The curtain rose upon a flimsy comedy of backstage bickering and intrigue. The star, a Junoesque and very handsome woman, entered to applause, halfway through the first scene. She played herself—Mme Marguerite Mailly, who in the play as in life had been induced to leave the Comédie Française in order to act in something outside the classic repertory. The playwright
had also written a part for himself into the play—the actress's husband, from whom she was estranged. Their domestic difficulties were too complicated and epigrammatic for Harold to follow, and the seats were very hard, but in the third act Mme Mailly was given a chance to deliver—on an offstage stage—one of the great passionate soliloquies of Racine. An actor held the greenroom curtain back, and the entire cast of the play listened devoutly. So did the audience. The voice offstage was evidence enough of the pleasure the Americans had been deprived of when Mme Mailly decided to forsake the classics. It was magnificent—full of color, variety, and pathos. The single long speech rose up out of its mediocre setting as a tidal wave might emerge from a duck pond, flooding the flat landscape, sweeping pigsties, chicken coops, barns, houses, trees, and people to destruction.

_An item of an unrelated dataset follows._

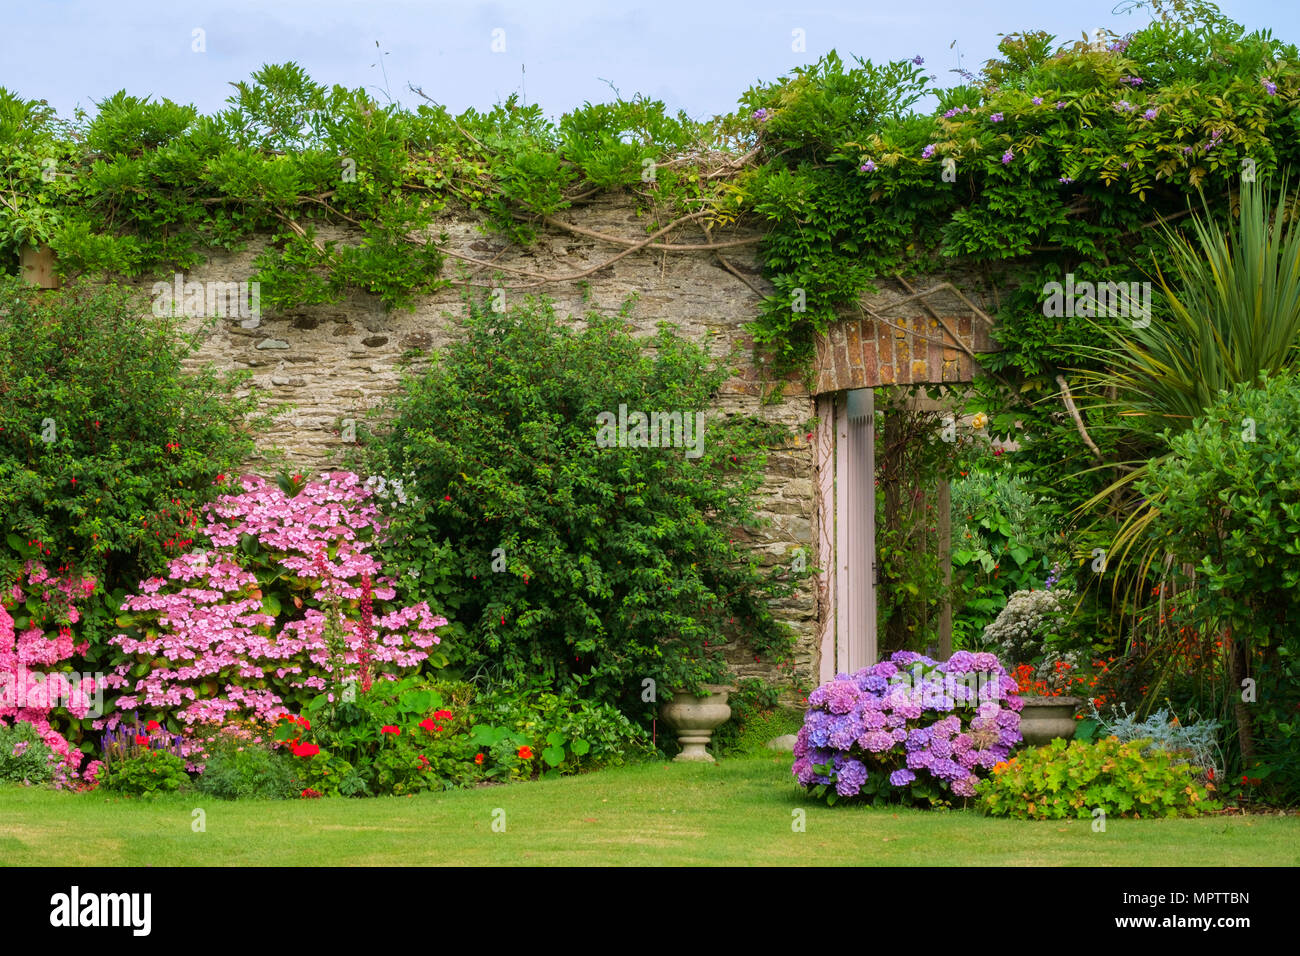 Giardini del Regno Unito. Una bella estate giardino murato aiuola di confine display comprendente vari ortensie. Una porta aperta mostra uno scorcio di un walled garden vegetali al di là. Foto Stock
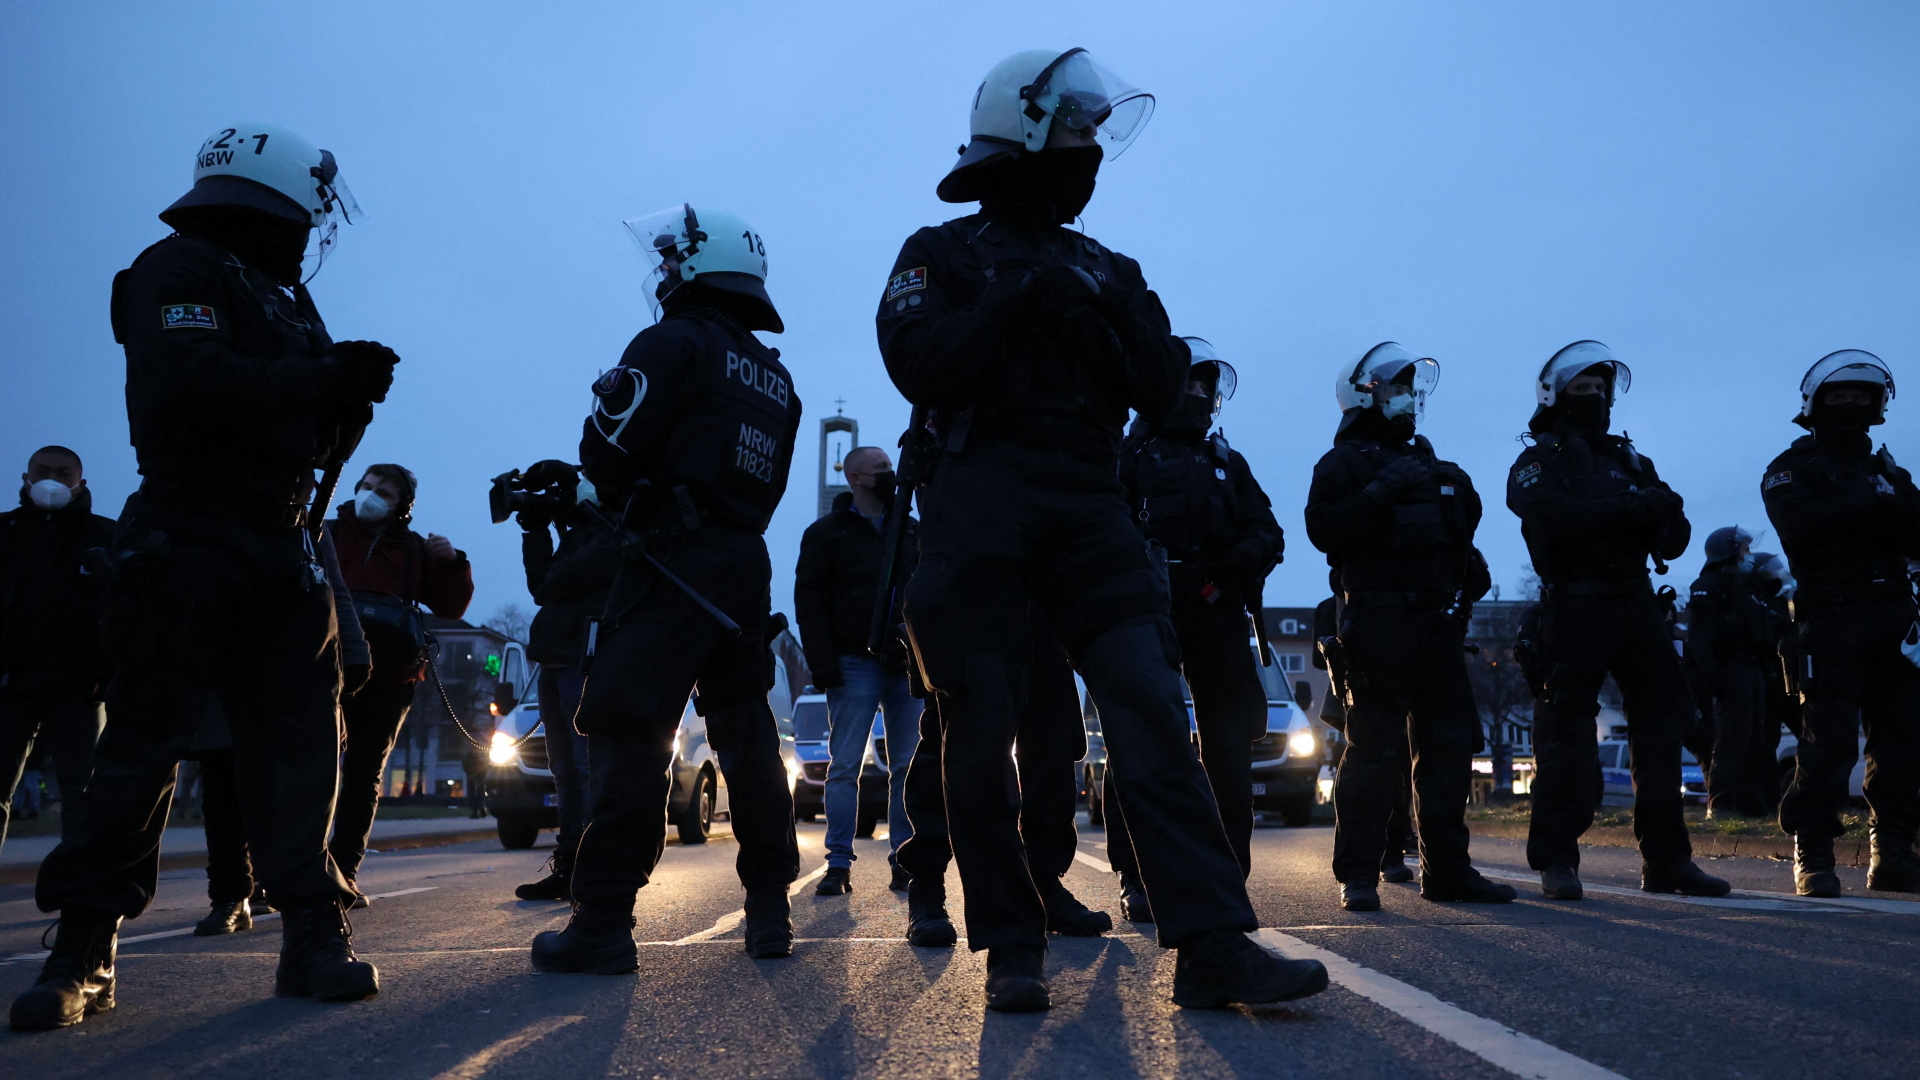 Polizisten in Kassel bei der Groß-Demo gegen die Corona-Maßnahmen am Samstag | AFP

The play never recovered from this offstage effect, but the actress's son was allowed to marry the ingénue and there was a reconciliation between the playwright and Mme Mailly, who, Harold realized as she advanced to the apron and took a series of solo curtain calls, was simply too large for the stage she acted on. The effect was like a puppet show when you have unconsciously adjusted your sense of scale to conform with small mechanical actors and at the end a giant head emerges from the wings, the head of the human manipulator, producing a momentary surprise.